Dr. Dweck calls the fixed mindset the performance mindset – where someone who has to be “officially good” at something – often plays safe – as he can’t  be seen as bad, and also fails to work on complex things where some initial hard work is needed (as he is already supposed to be good at it).

So at the end of the day it is not so much about why inherently talented people succeed, but about why some talented people DON’T succeed – and that is where the balance of power is shifted. Thus the argument I would give back to my friend is that a growth mindset person can often overcome a talented but fixed mindset person.

Unfortunately – I think I belong to the latter. I am too embarrassed to be seen as “bad” at something – which has resulted in me not doing so many things – one of my biggest regrets is Sports. Another recent example is Salsa. I joined Salsa classes more than an year back but I still suck at it. Part of which can be attributed to the fact that I have been called a good dancer so many times now that it has now become an inherent belief. (Sumedha Garg where are you? I need you to talk me down a bit). Perhaps all along when I have been learning Salsa – I have basically believed that I am inherently good and all other are largely suckers.

Damn! I need a growth mindset. Pronto. And I have a lot of work to do to get there.

Dissection

IIT Delhi has (finally) started an Entrepreneurship Development Cell. They are planning to do some interesting stuff and have had two talk sessions till date. The first was an inaugural session with Alok Mittal. The second session was today, and is of particular significance to me, because I was one of the speakers (!).

As if that wasn’t a big enough responsibility, I was sharing the stage with Deep Kalra, the founder of Makemytrip, and an amazing speaker. (On and by the way, I have heard Deep before at a TiE session, when I thought he was good, but after today I have to say he is fantastic).

Anyway, so a dissection of how it went for me, so that I can do this stuff better in the future.

1. I forgot! I had some very specific thoughts in mind but drew a blank even after practicing earlier during the day. So practice more, and practice a day in advance. Anyway I will try to write down/record what I wanted to say, what questions the audience asked and add a link here. By the way, I recommended the audience to read this and this.

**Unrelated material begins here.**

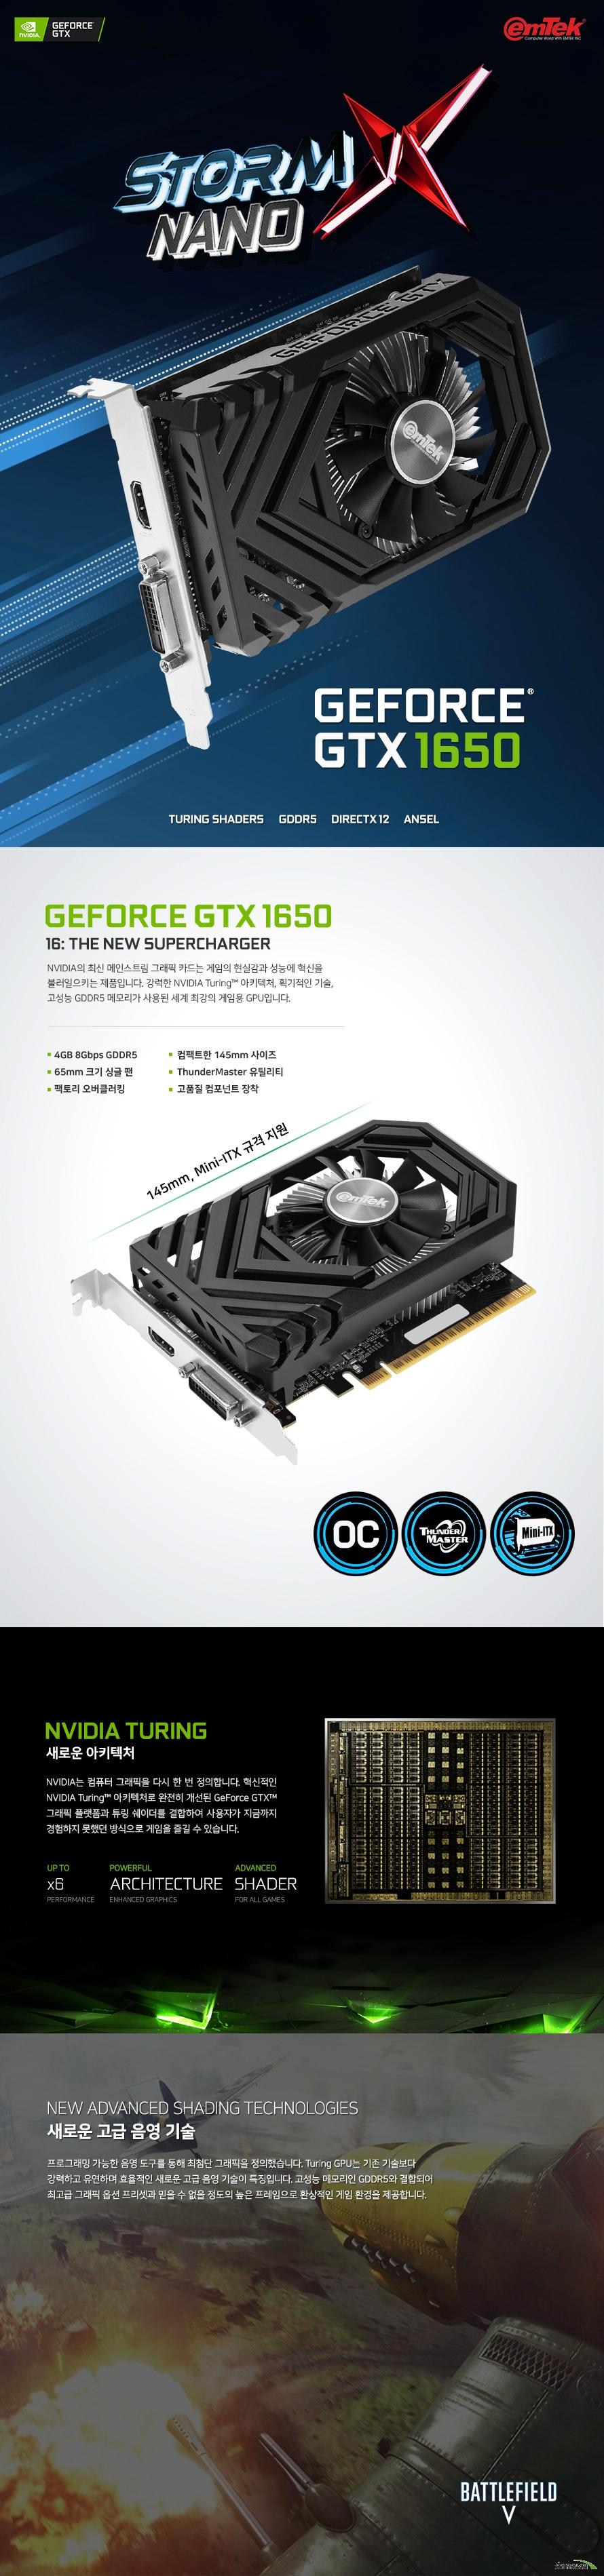 이엠텍 지포스 GTX 1650 STORM X NANO OC D5 4GB  쿠다 코어 개수 896개 베이스 클럭 1485 메가헤르츠 부스트 클럭 1725 메가헤르츠  메모리 버스 128비트 메모리 타입 GDDR5 4기가바이트 메모리 클럭 8000 메가 헤르츠  디스플레이 포트 듀얼링크 DVI D 포트 1개 HDMI 2.0B 포트 1개 DP 1.4 포트 1개  최대 해상도  7680X4320 지원 최대 3대 멀티 디스플레이 지원  소비 전력 75와트 권장 전력 300와트 이상  제품 크기  길이 145밀리미터 넓이 99밀리미터 두께 40밀리미터  지원 운영체제 윈도우 10 7 및 64비트 및 리눅스 64비트 지원 KC 인증번호 R R EMT PT N165  쿨링 시스템  65밀리미터 듀얼 쿨링 팬 알루미늄 히트싱크

2. Try and keep a set of slides. What it allows you to do, is a) have memory triggers for yourself and anchor points for the audience to keep your talk on track. b) The audience has a takeaway at the end of the session. One possible reason why I did not because I read this only a couple of days back (one should always get a counterpoint). (Also, it seems a little inappropriate that Deep had a set of slides to use and I didn’t)

3. Don’t rush through the talk, dwell upon your key points so that audience does not take away a different picture than you wanted to portray – especially with your examples, give them time to sink in (and definitely have slides for these).

4. Don’t rely on the compere’s introduction of your company – no one listens to him. Give one yourself.

Also, found out Ok Tata Bye Bye is a Makemytrip initiative. Impressive.